_Exercise objective:_ Output exactly the lines of the listing below that run from the line with "Theo lịch trình, chuyến" through the line with "Strafrecht der Deutschen". No pictures.

_Source data:_

§

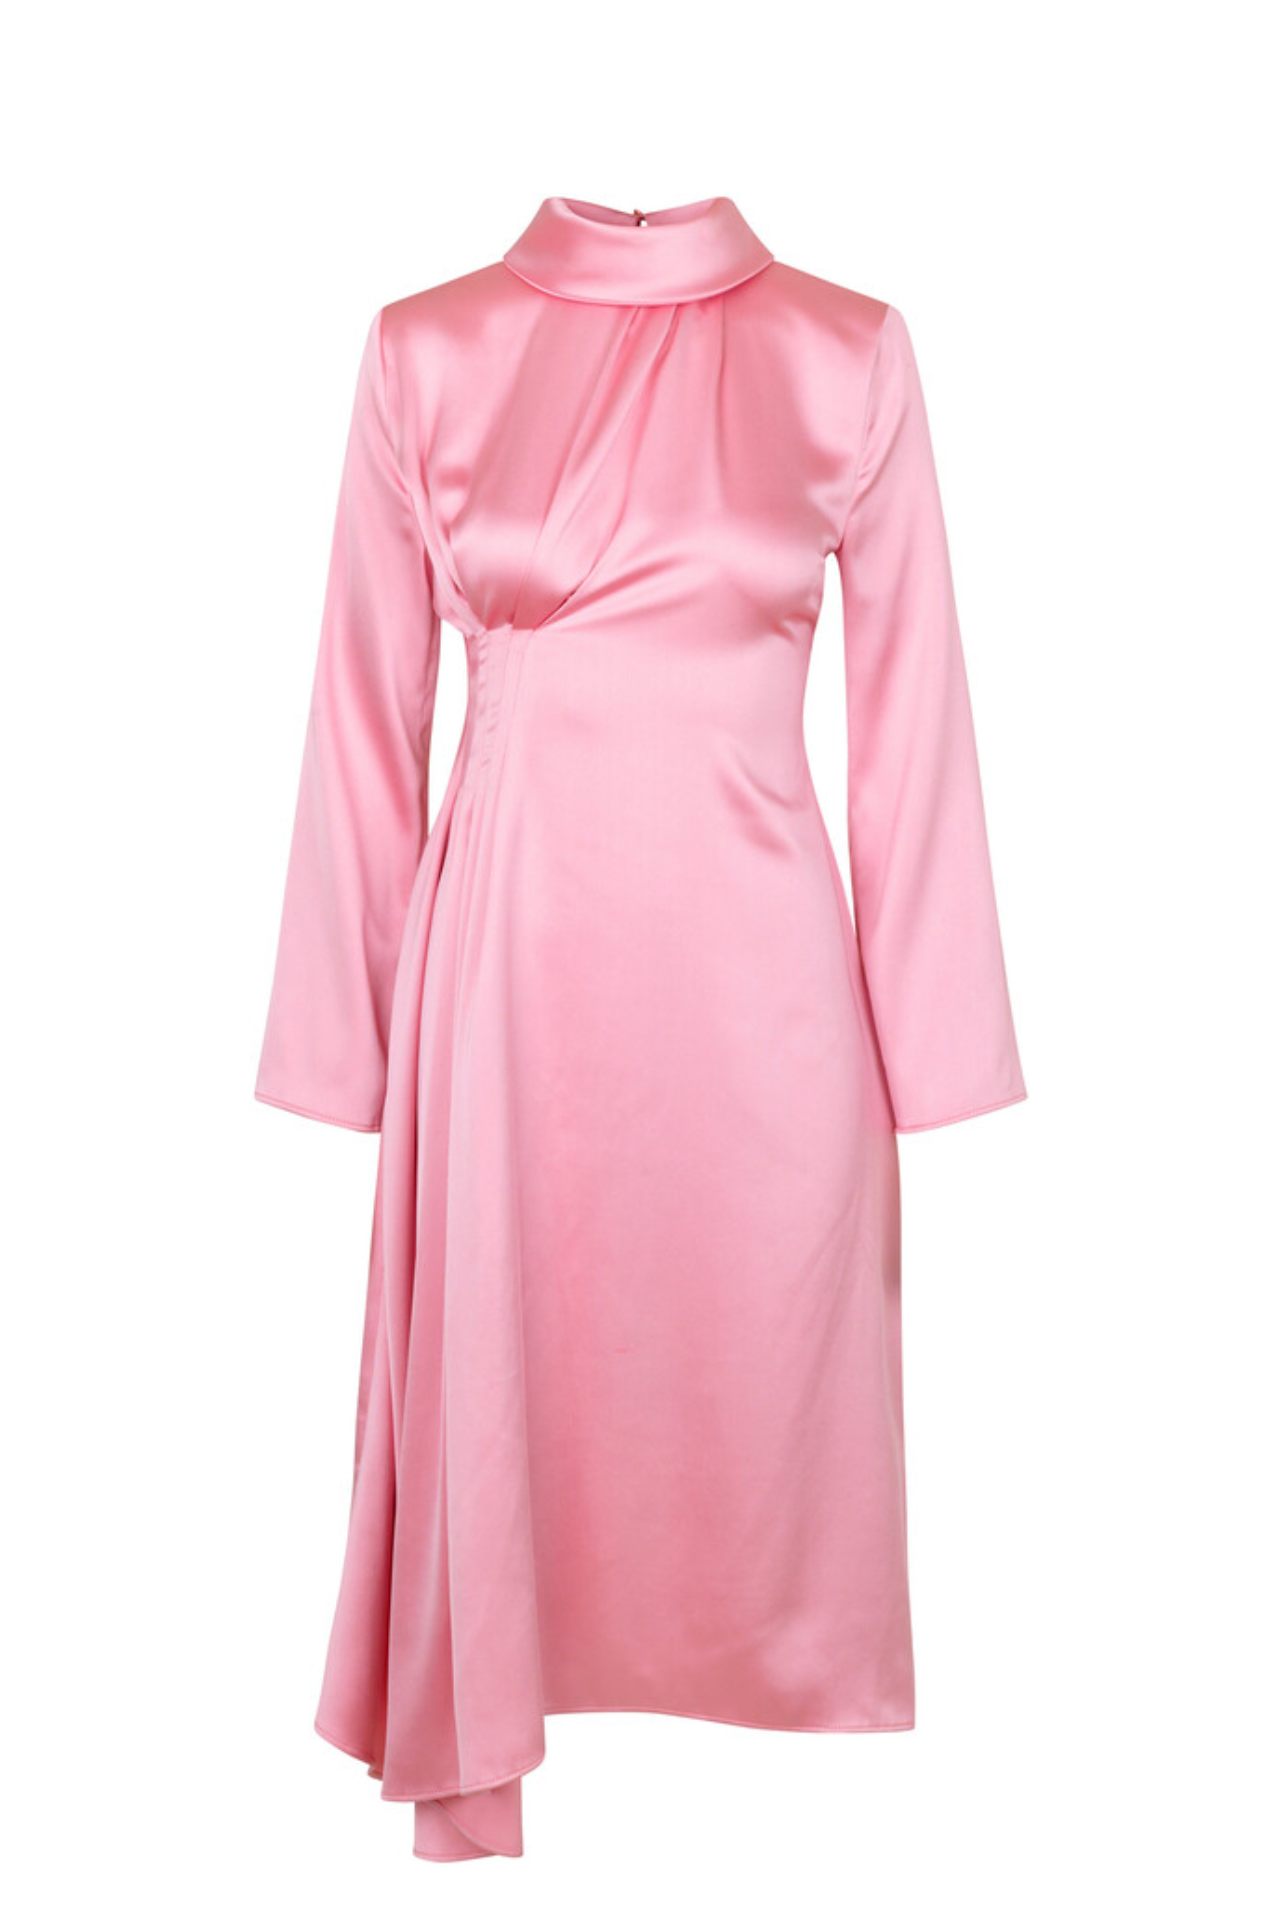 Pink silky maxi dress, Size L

§

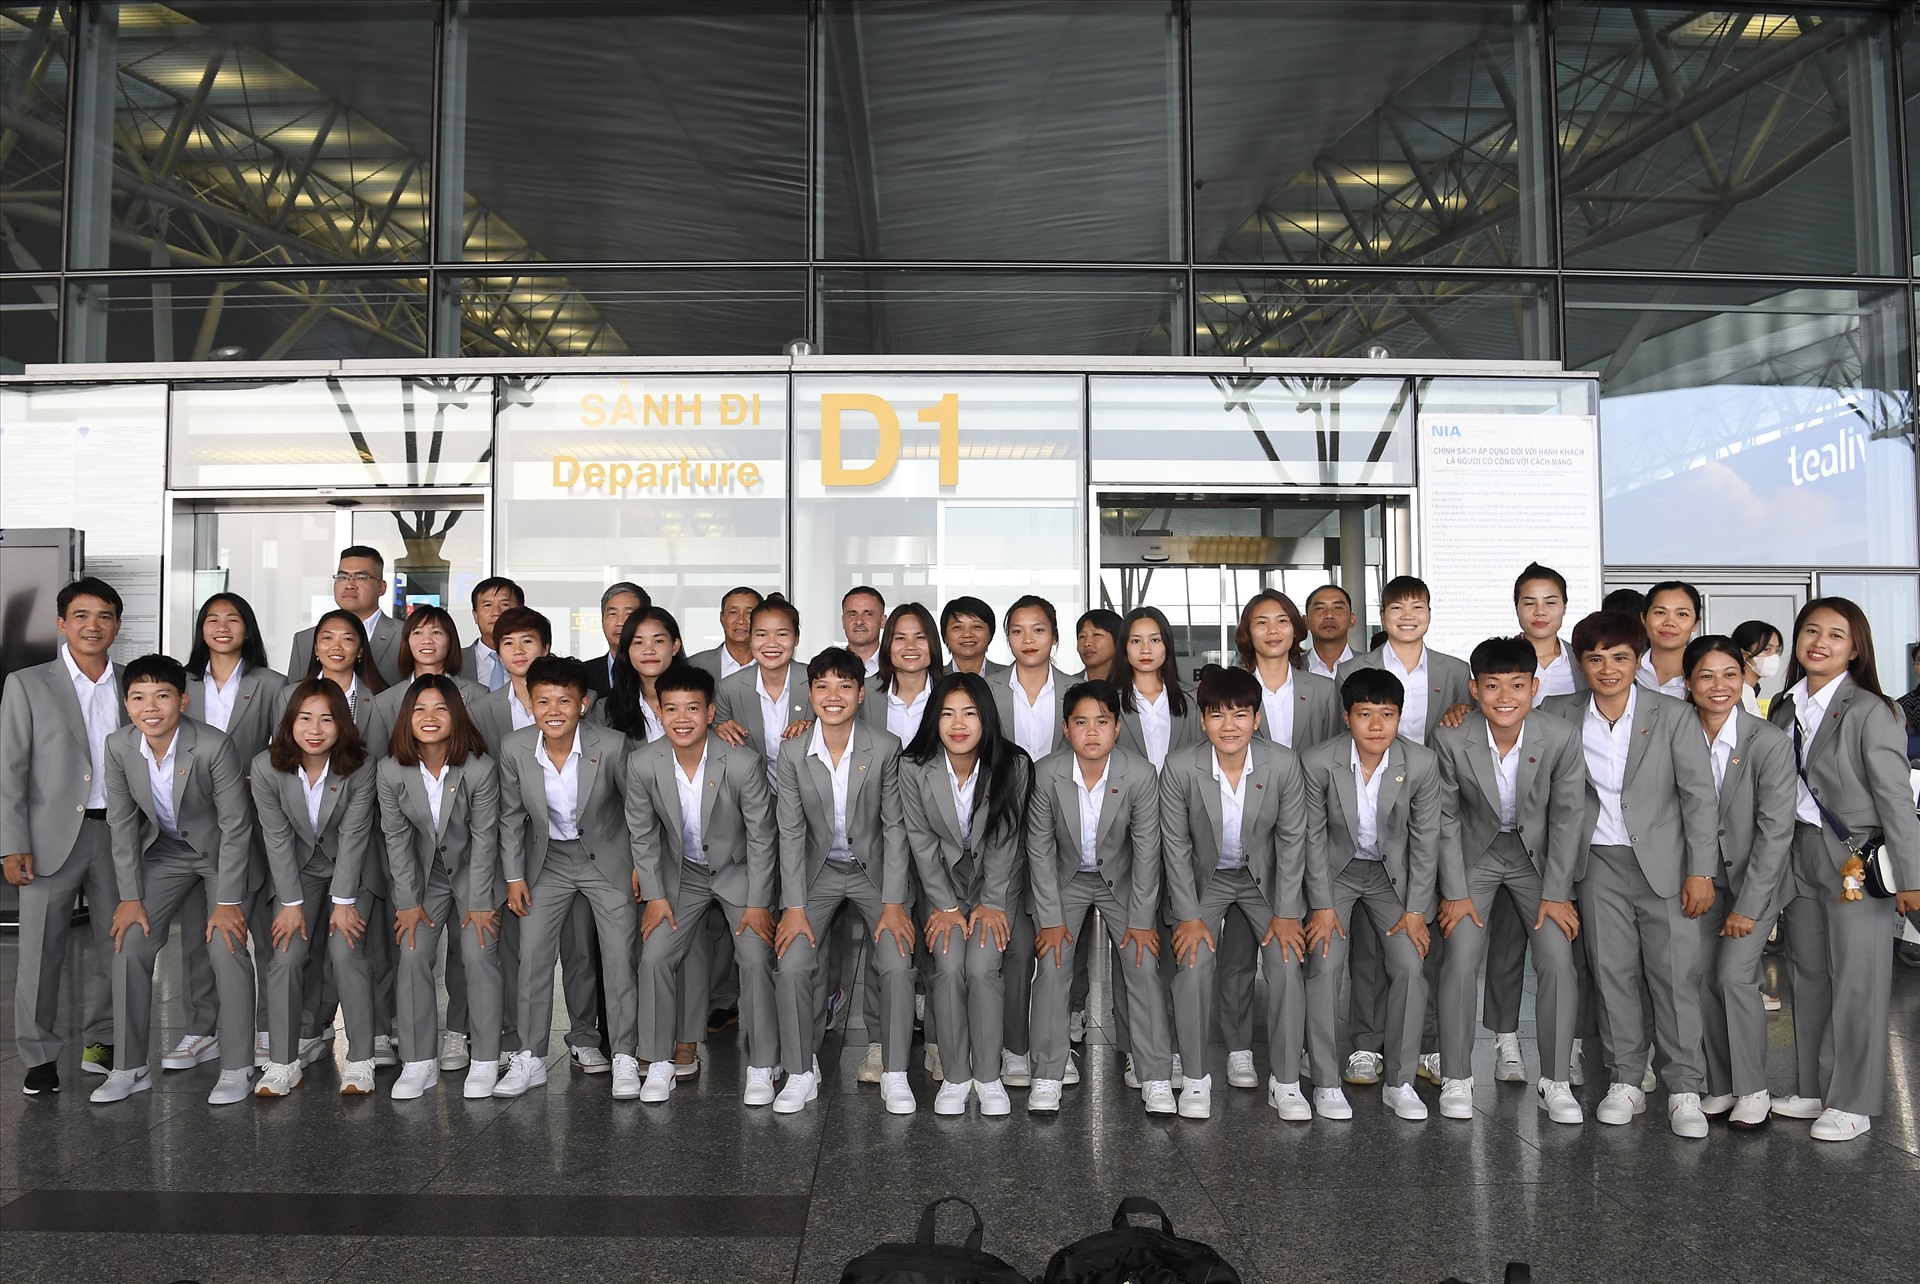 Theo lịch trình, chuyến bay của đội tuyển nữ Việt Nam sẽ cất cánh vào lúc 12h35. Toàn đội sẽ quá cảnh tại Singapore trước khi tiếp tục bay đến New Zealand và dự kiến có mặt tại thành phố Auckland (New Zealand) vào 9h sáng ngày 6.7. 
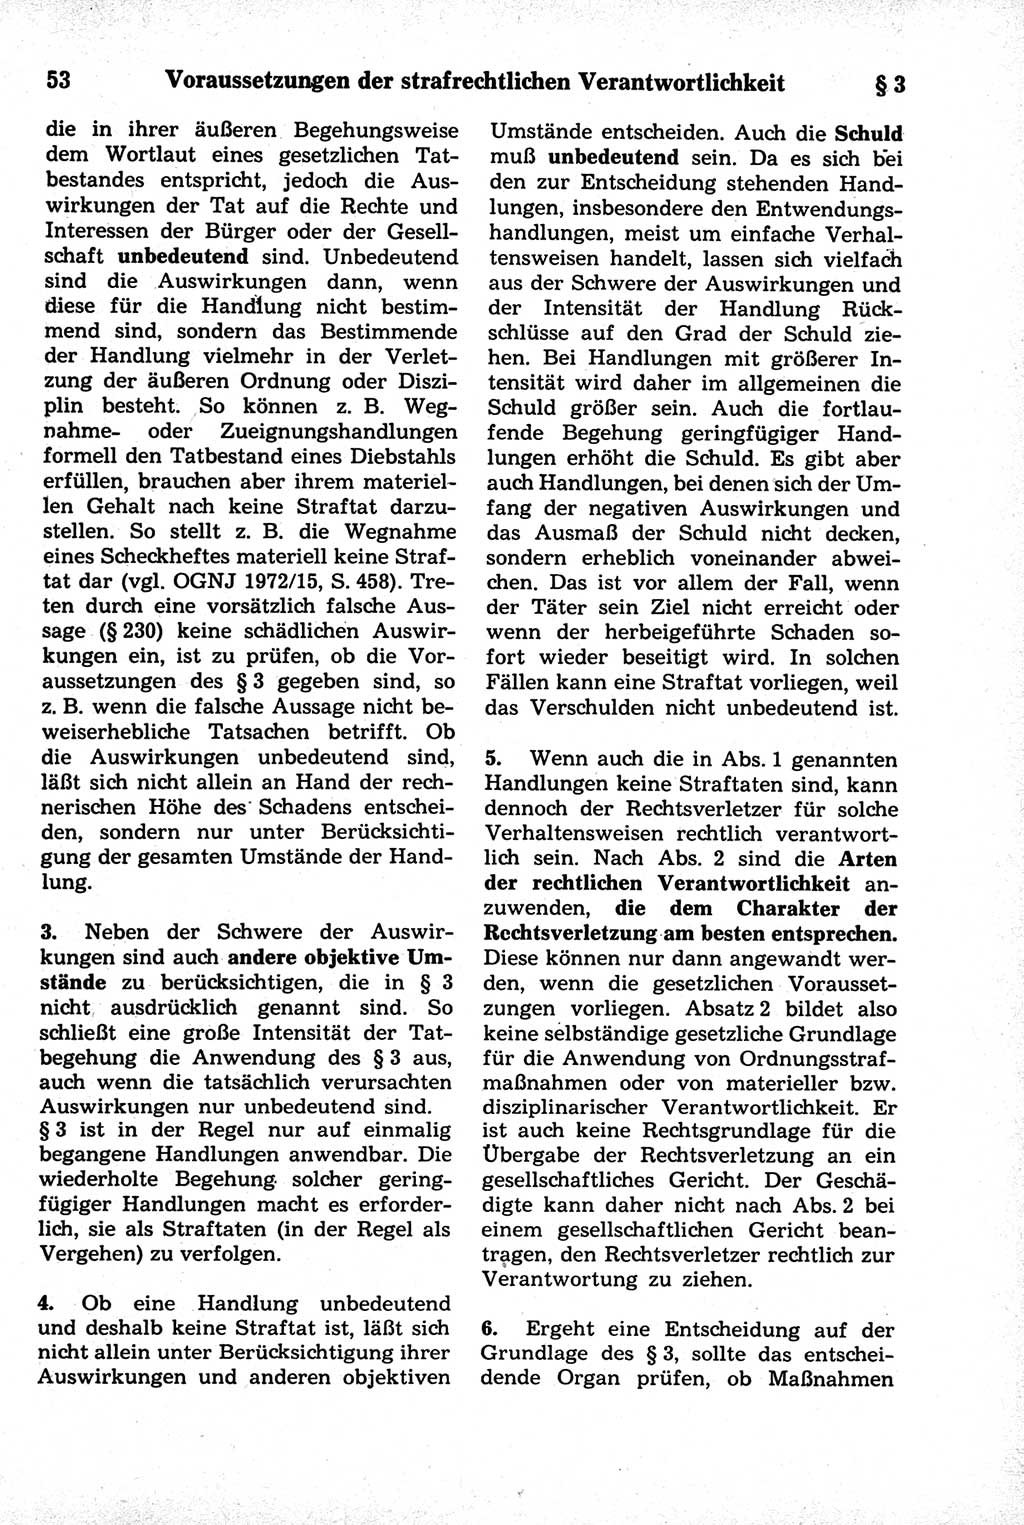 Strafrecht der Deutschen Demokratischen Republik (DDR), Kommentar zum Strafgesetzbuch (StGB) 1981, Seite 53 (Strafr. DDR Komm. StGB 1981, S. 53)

§

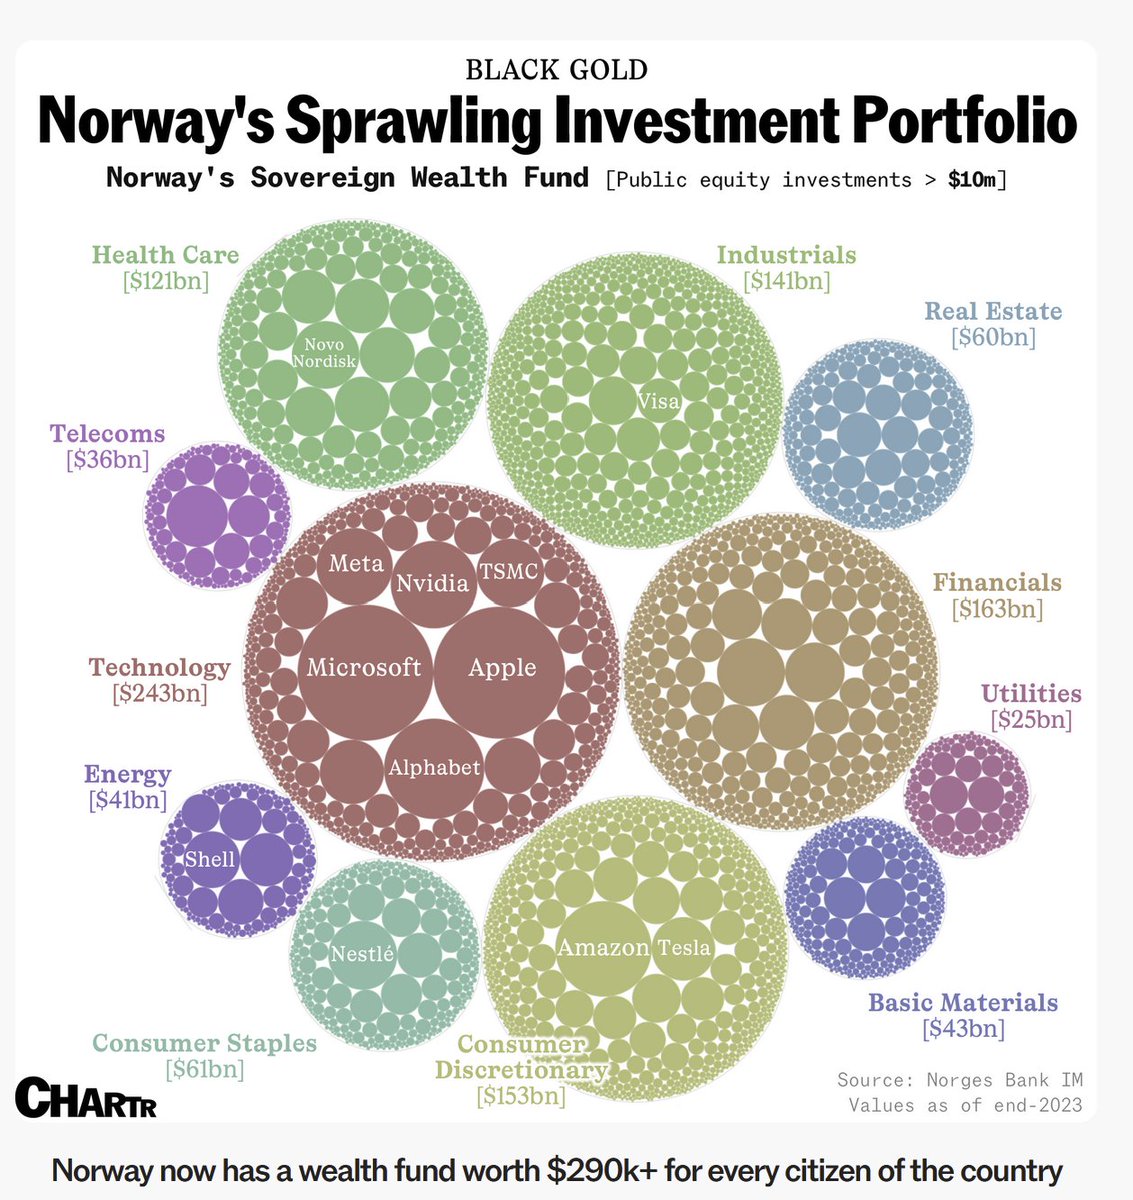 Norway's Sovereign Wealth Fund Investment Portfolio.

§

_Written solution:_
 Theo lịch trình, chuyến bay của đội tuyển nữ Việt Nam sẽ cất cánh vào lúc 12h35. Toàn đội sẽ quá cảnh tại Singapore trước khi tiếp tục bay đến New Zealand và dự kiến có mặt tại thành phố Auckland (New Zealand) vào 9h sáng ngày 6.7. 
 Strafrecht der Deutschen Demokratischen Republik (DDR), Kommentar zum Strafgesetzbuch (StGB) 1981, Seite 53 (Strafr. DDR Komm. StGB 1981, S. 53)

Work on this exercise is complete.